◆ GOAL OF THE EXERCISE: Once you find the line with "Вітамінномінеральний комплекс Ultra" in the data below, transcribe exactly each line from there to the line with "KVM Logo - KV", inclusive, and nothing else. Drop the pictures.

◆ DATA PROVIDED:
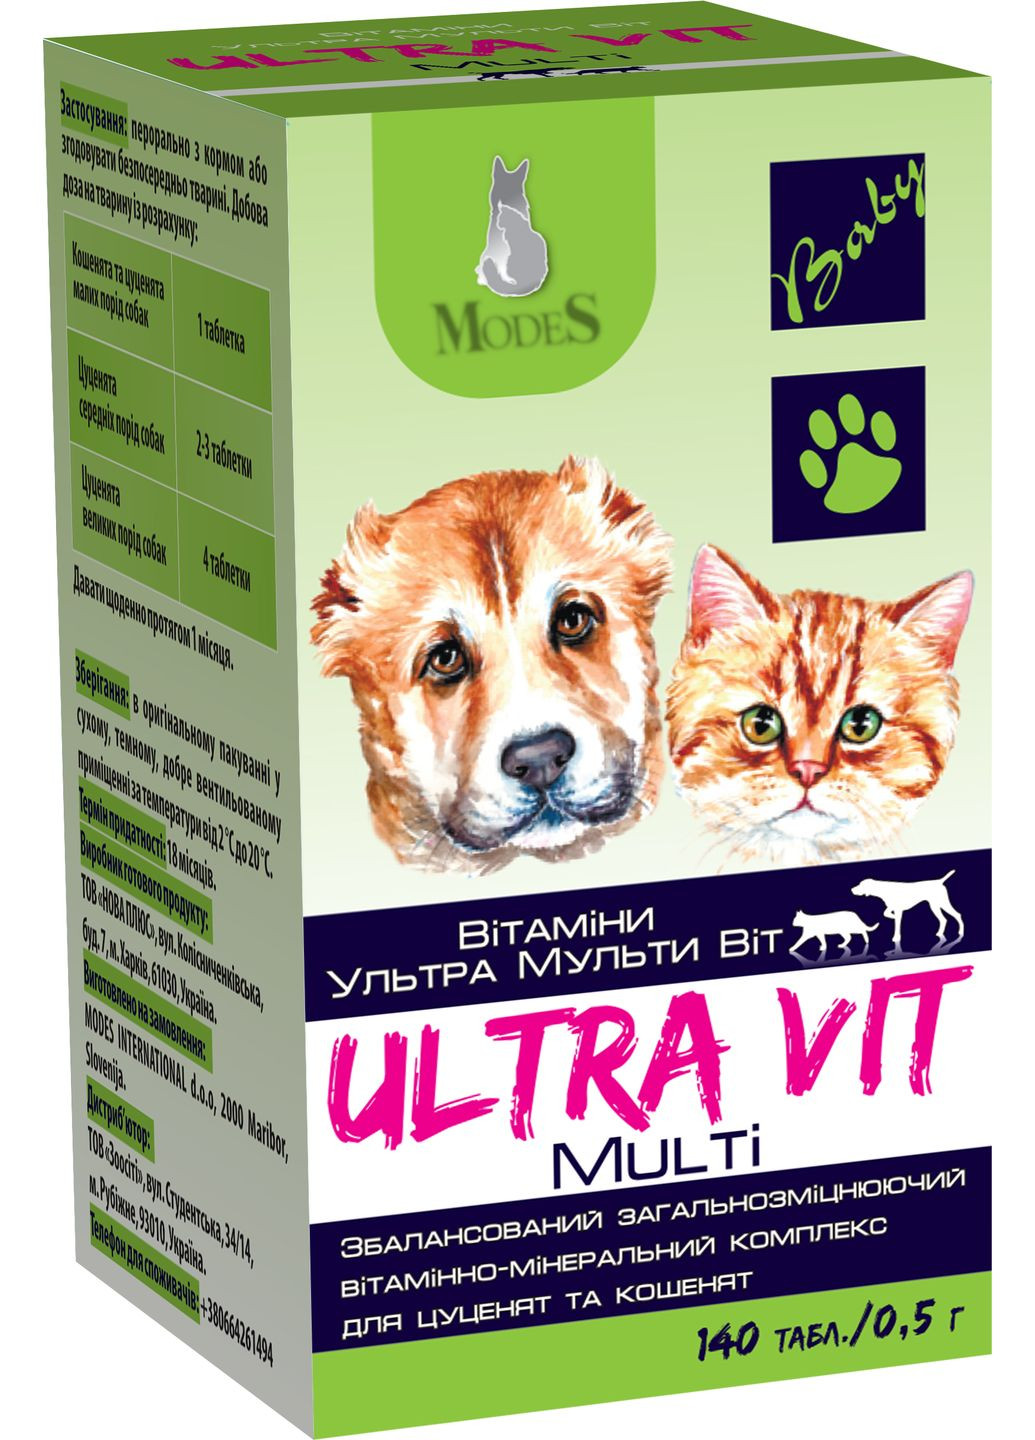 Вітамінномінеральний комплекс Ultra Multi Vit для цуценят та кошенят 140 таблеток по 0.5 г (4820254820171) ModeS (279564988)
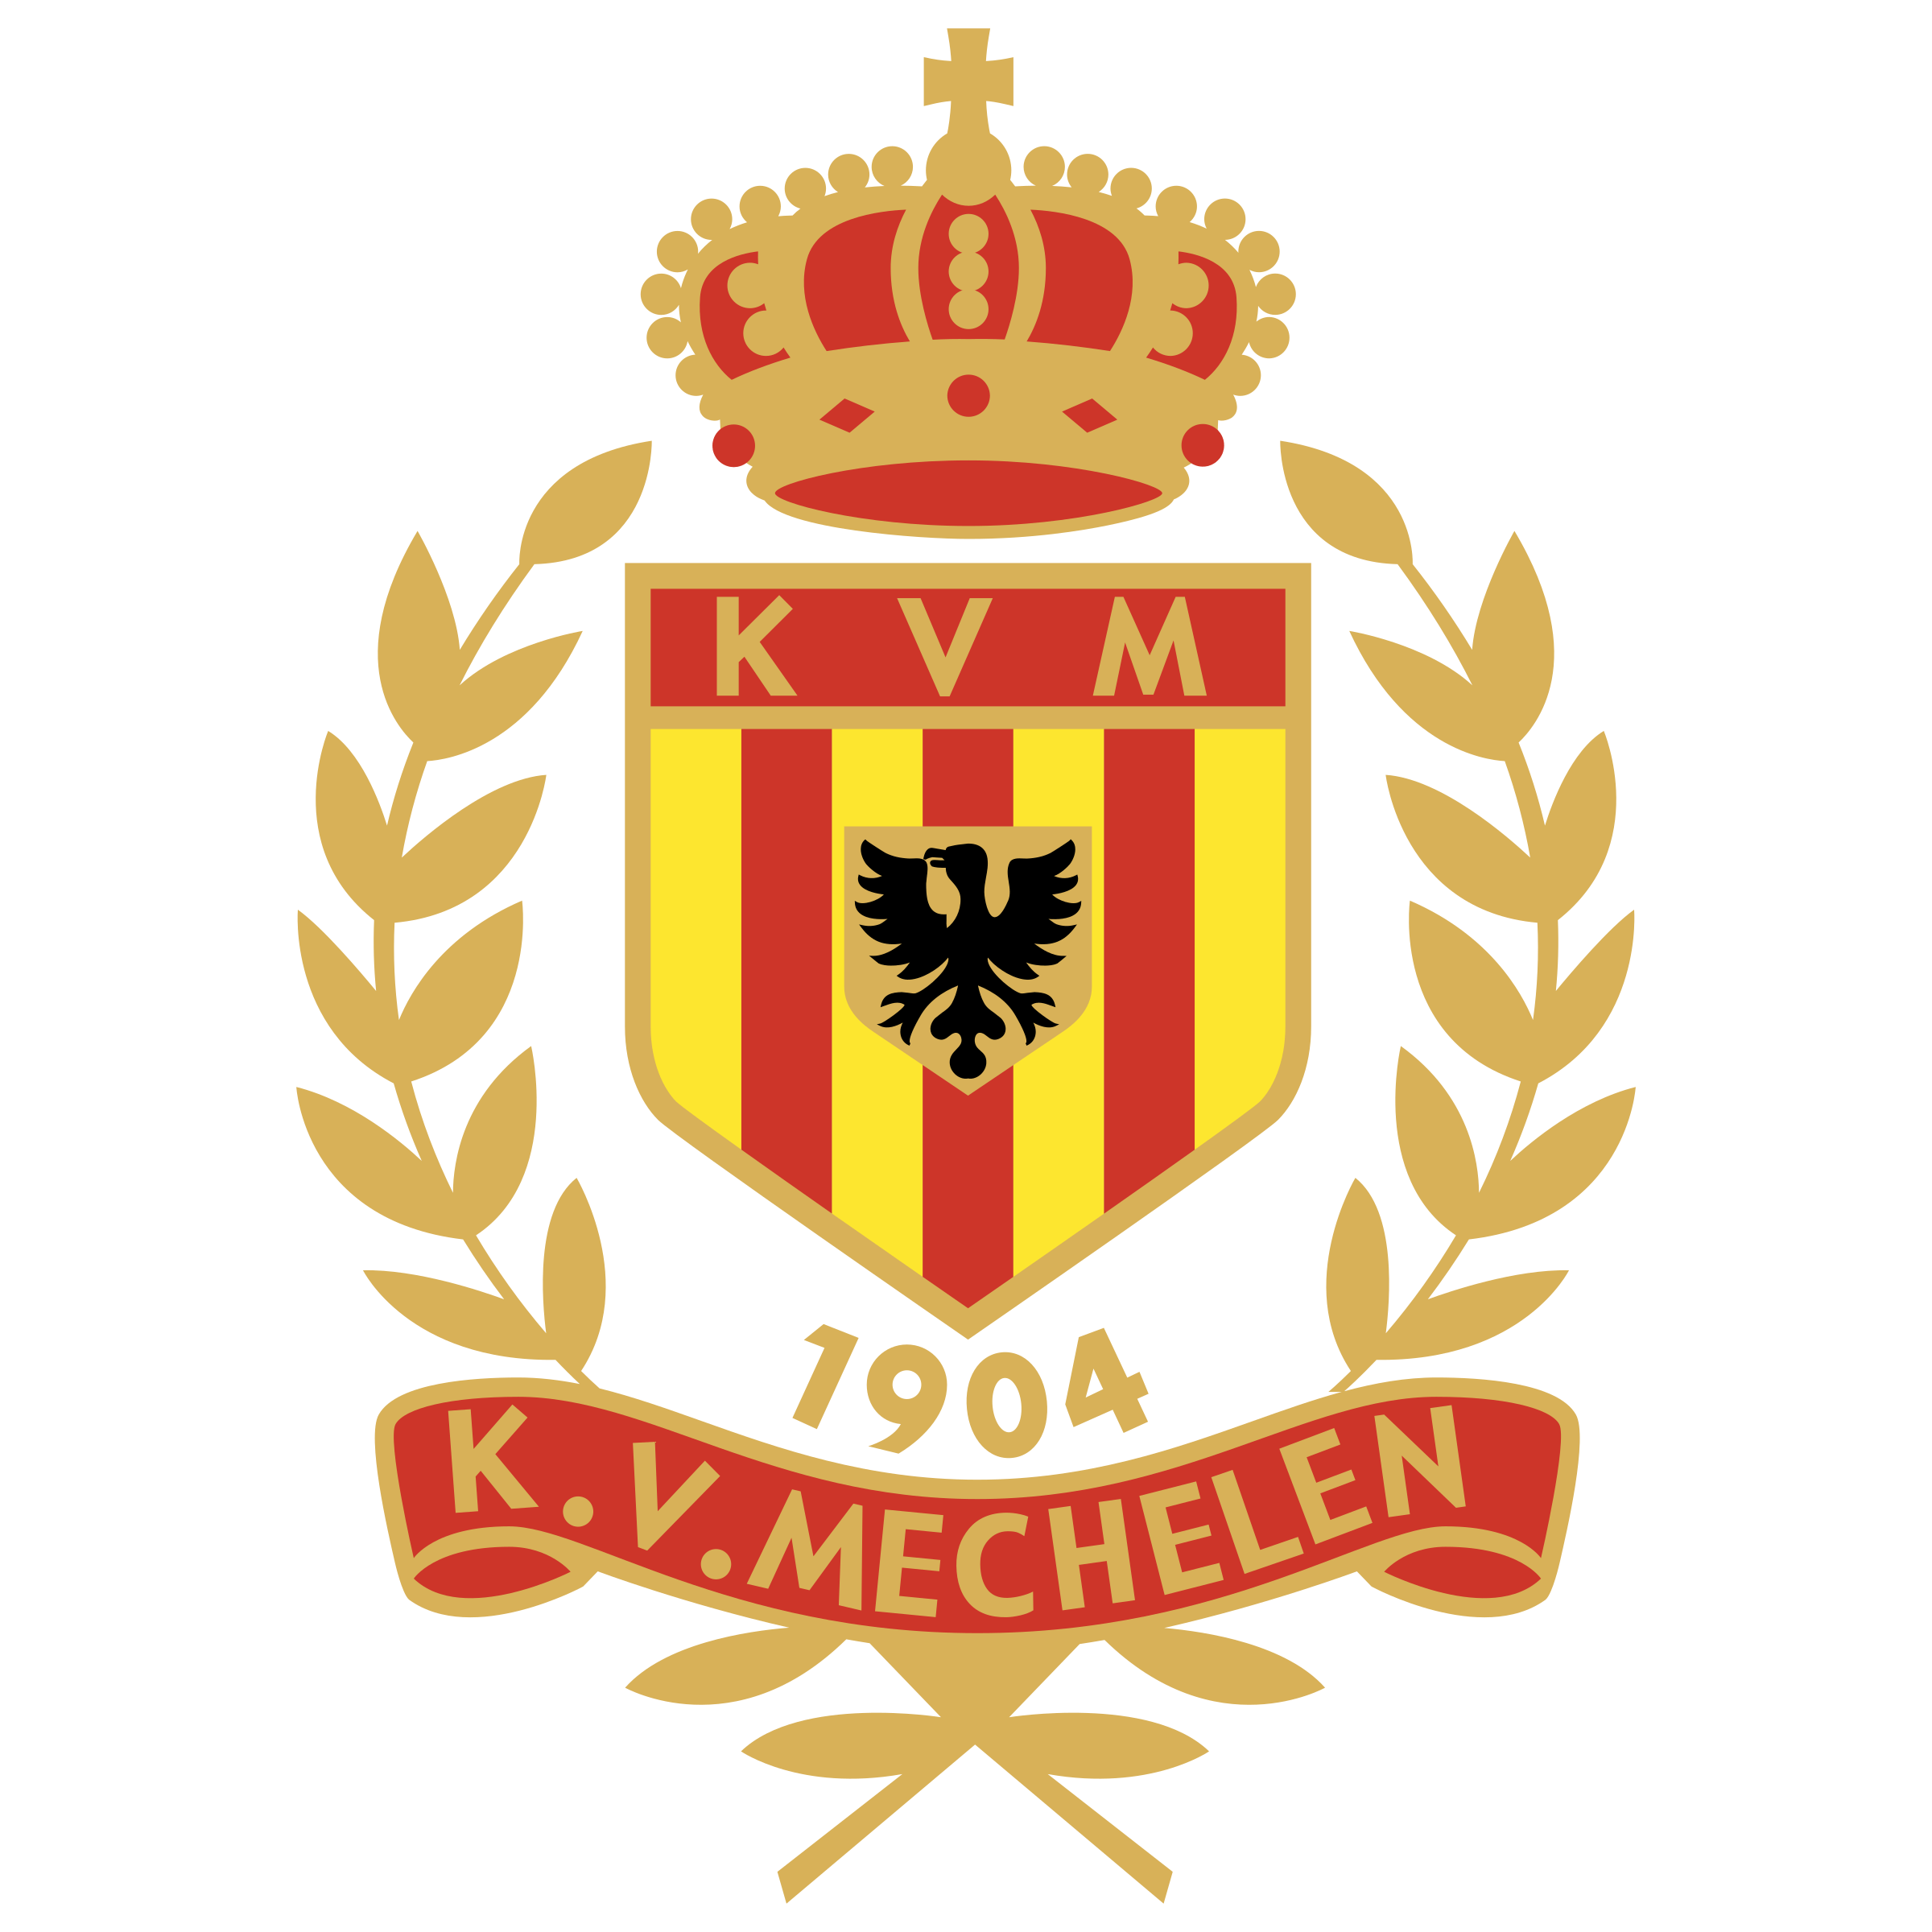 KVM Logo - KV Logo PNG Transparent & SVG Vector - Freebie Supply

--

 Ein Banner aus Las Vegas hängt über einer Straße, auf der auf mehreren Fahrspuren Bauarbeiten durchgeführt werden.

* * *

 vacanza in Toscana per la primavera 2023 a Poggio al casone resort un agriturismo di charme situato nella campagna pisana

◆ TASK RESPONSE:
 Вітамінномінеральний комплекс Ultra Multi Vit для цуценят та кошенят 140 таблеток по 0.5 г (4820254820171) ModeS (279564988)
 KVM Logo - KV Logo PNG Transparent & SVG Vector - Freebie Supply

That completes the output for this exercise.